Let's start, or will continue, with the most popular, hackneyed and sick. These are IP addresses. Over the course of 4 articles, this concept has been encountered several times, and most likely you have already either understood what they are for, or noggulili and read about them. But I have to tell you this, because without a clear understanding it will be hard to move on.
')
So the IP address is the address that the node uses at the network level. It has a hierarchical structure. What does it mean? This means that each number in its writing has a specific meaning. I will explain with a very good example. An example would be a regular telephone number - +74951234567. The first digit is +7. This suggests that the number belongs to the zone of the Russian Federation. This is followed by 495. This is the code of Moscow. And the last 7 digits I took random. These numbers are assigned to the district area. As you can see here there is a clear hierarchy. That is, by number you can understand which country, zone it belongs to. IP addresses follow a similar strict hierarchy. The organization is controlled by the IANA (Internet Assigned Numbers Authority). If in Russian, then this is the "Administration of the address space of the Internet." Note that the word "Internet" with a capital letter. Few people attach importance to this, so I will explain the difference. In the English literature, the term “internet” is used to describe several networks connected to each other. And the term "Internet" to describe the global network. So take note.

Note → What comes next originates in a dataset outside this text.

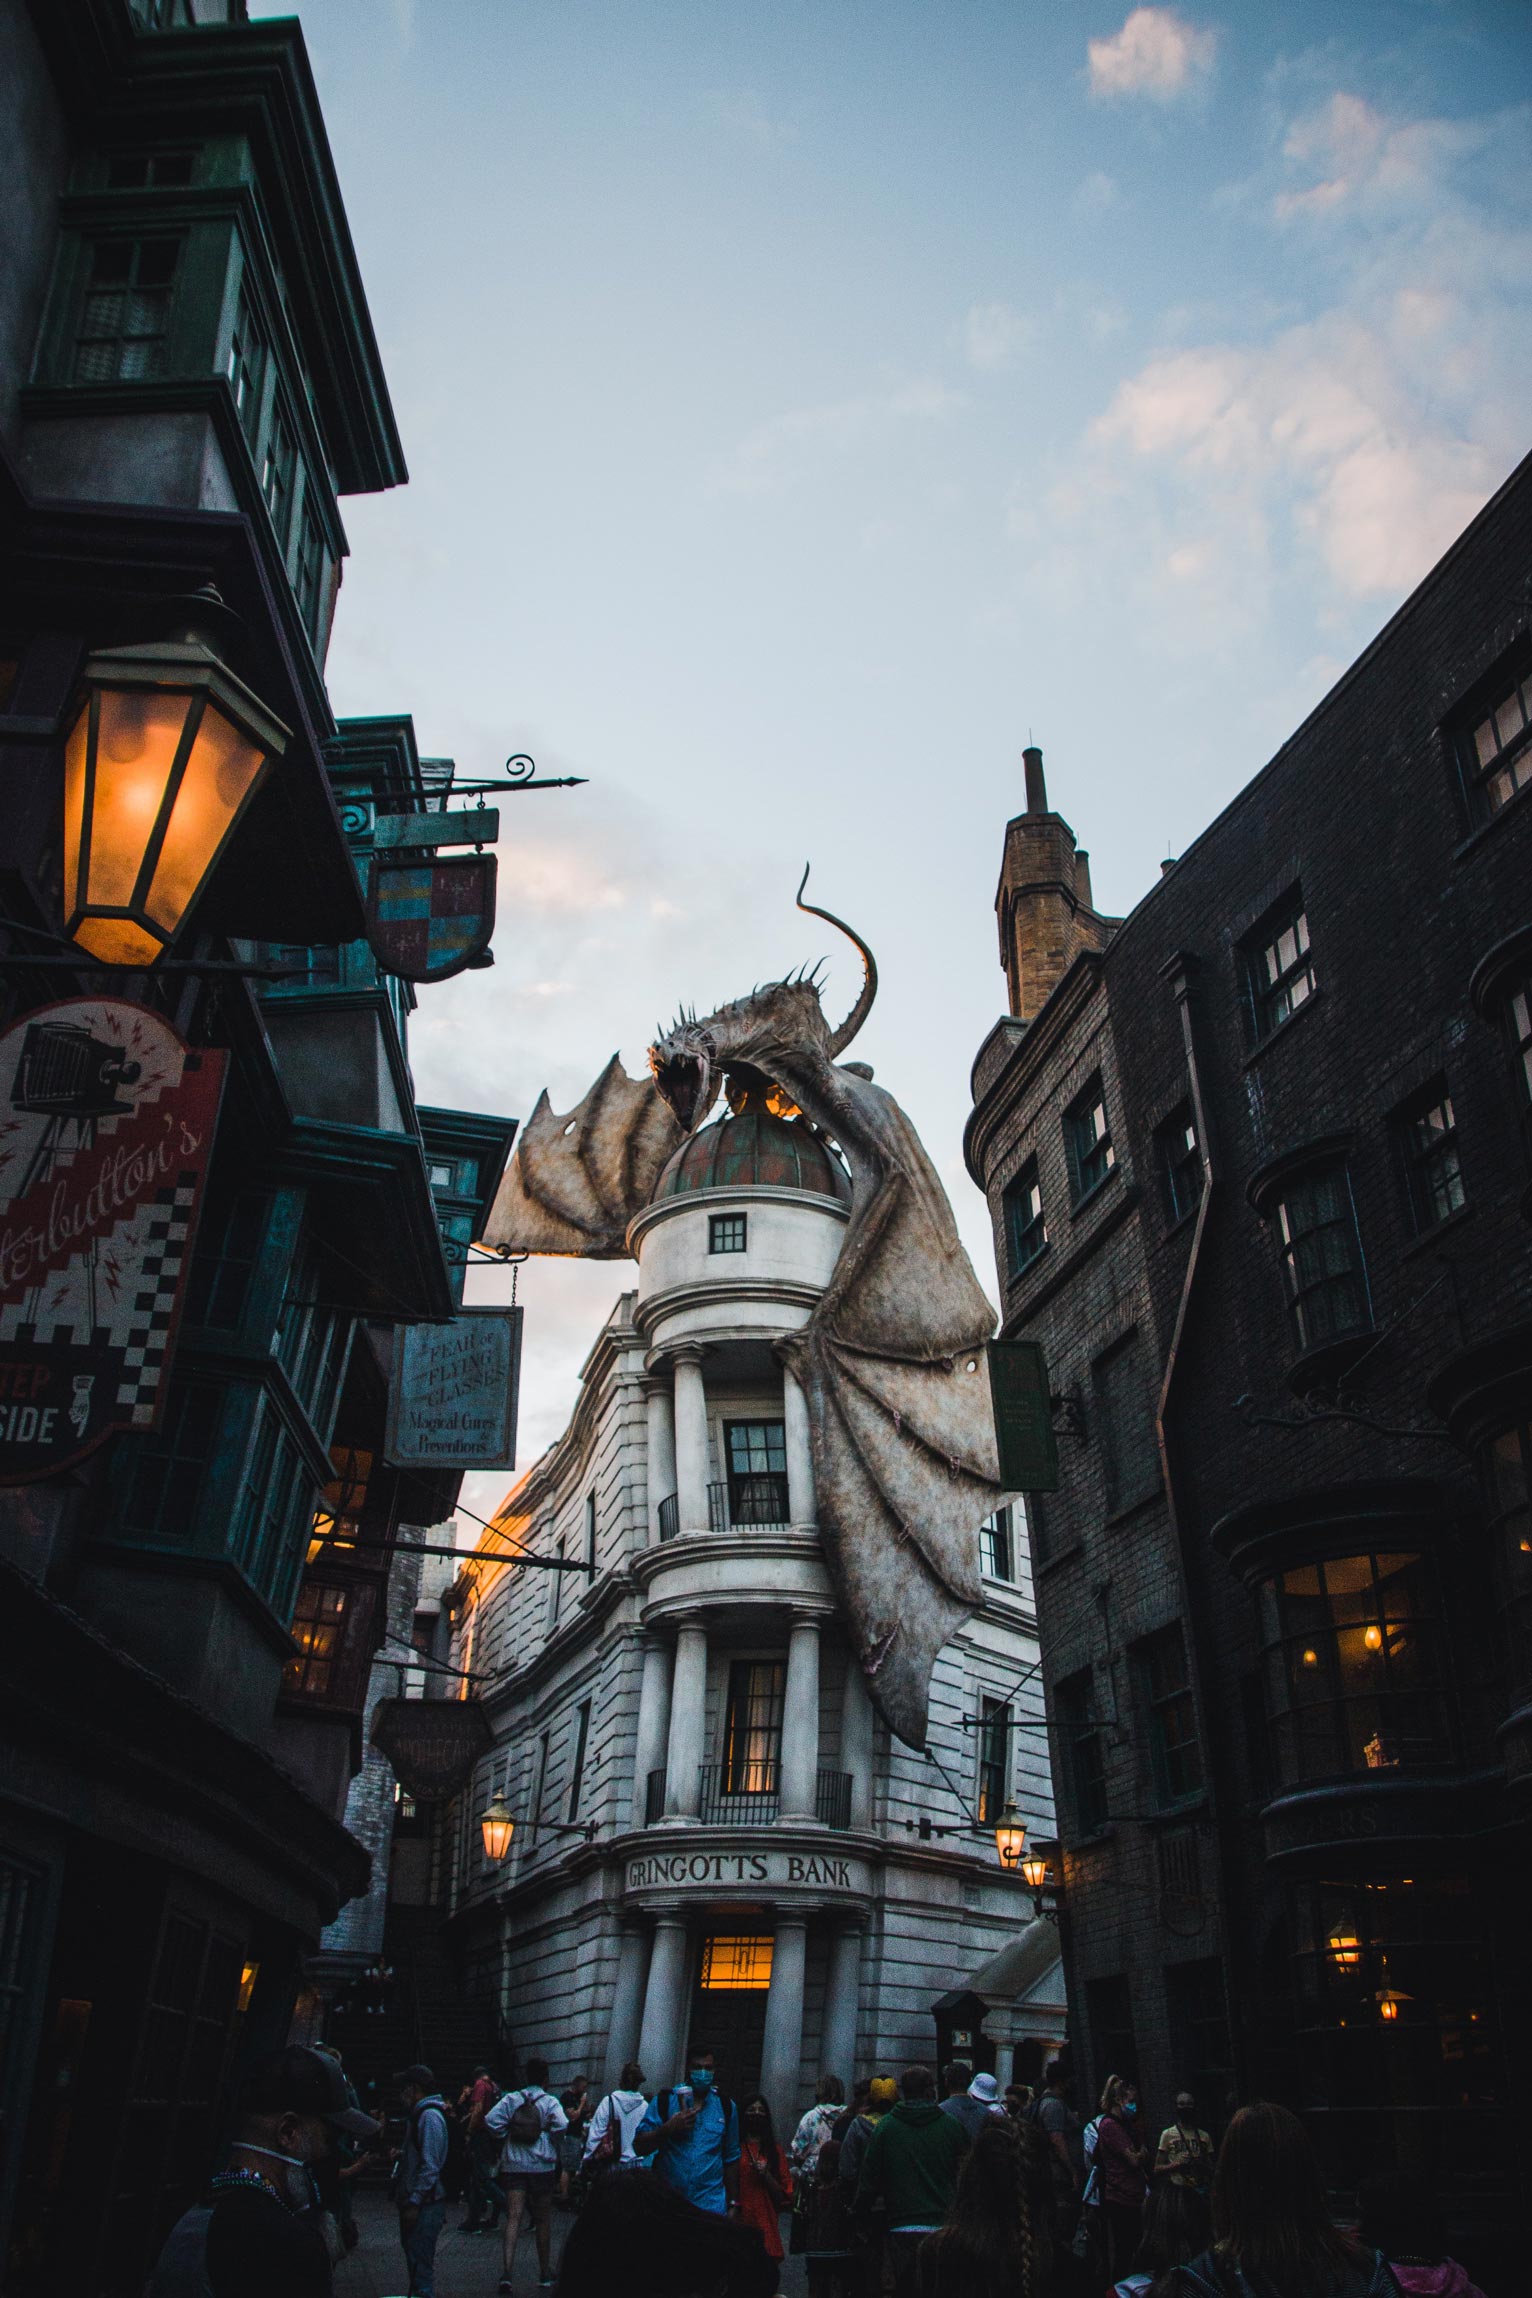 About the mood image: This is not your average bank in real life. Gringotts is the only known bank of the Harry Potter wizarding world and it is operated primarily by goblins. Wizards and witches keep their money and other valuables in vaults that are protected by very complex and strong security measures. Photo: unsplash / Dan Cutler

Despite the fact that the topic of the article is more theoretical than practical, I strongly recommend that you take it seriously, because it depends on understanding of further topics, and especially routing. There is no one for whom, I think, it is no secret that we are accustomed to perceive numeric information in decimal format (in numbers from 0-9). However, all modern computers perceive information in binary (0 and 1). It does not matter with the help of current or light information is transmitted. All of it will be perceived by the device as there is a signal (1) or not (0). Only 2 values. Therefore, an algorithm was developed for converting from binary to decimal, and vice versa. I'll start with a simple one and tell you what IP addresses look like in decimal format. This whole article is about IP addresses of version 4. There will be a separate article about version 6. In previous articles, labs, and indeed in life, you saw something like this "193.233.44.12." This is the IP address in decimal. It consists of 4 numbers, called octets and separated by dots. Each such number (octet) can take a value from 0 to 255. That is, one of 256 values. The length of each octet is 8 bits, and the total length of IPv4 = 32 bits. Now an interesting question. How will this address take the computer, and how will it work with it?

You can of course stuff it into a calculator, of which there is bulk on the Internet, and it will convert it into binary format, but I believe that everyone should be able to translate manually. This is especially true of those who are planning to take the exam. You will have nothing on hand except paper and a marker, and you will have to rely only on your skills. Therefore, showing how to do it manually. Build a table.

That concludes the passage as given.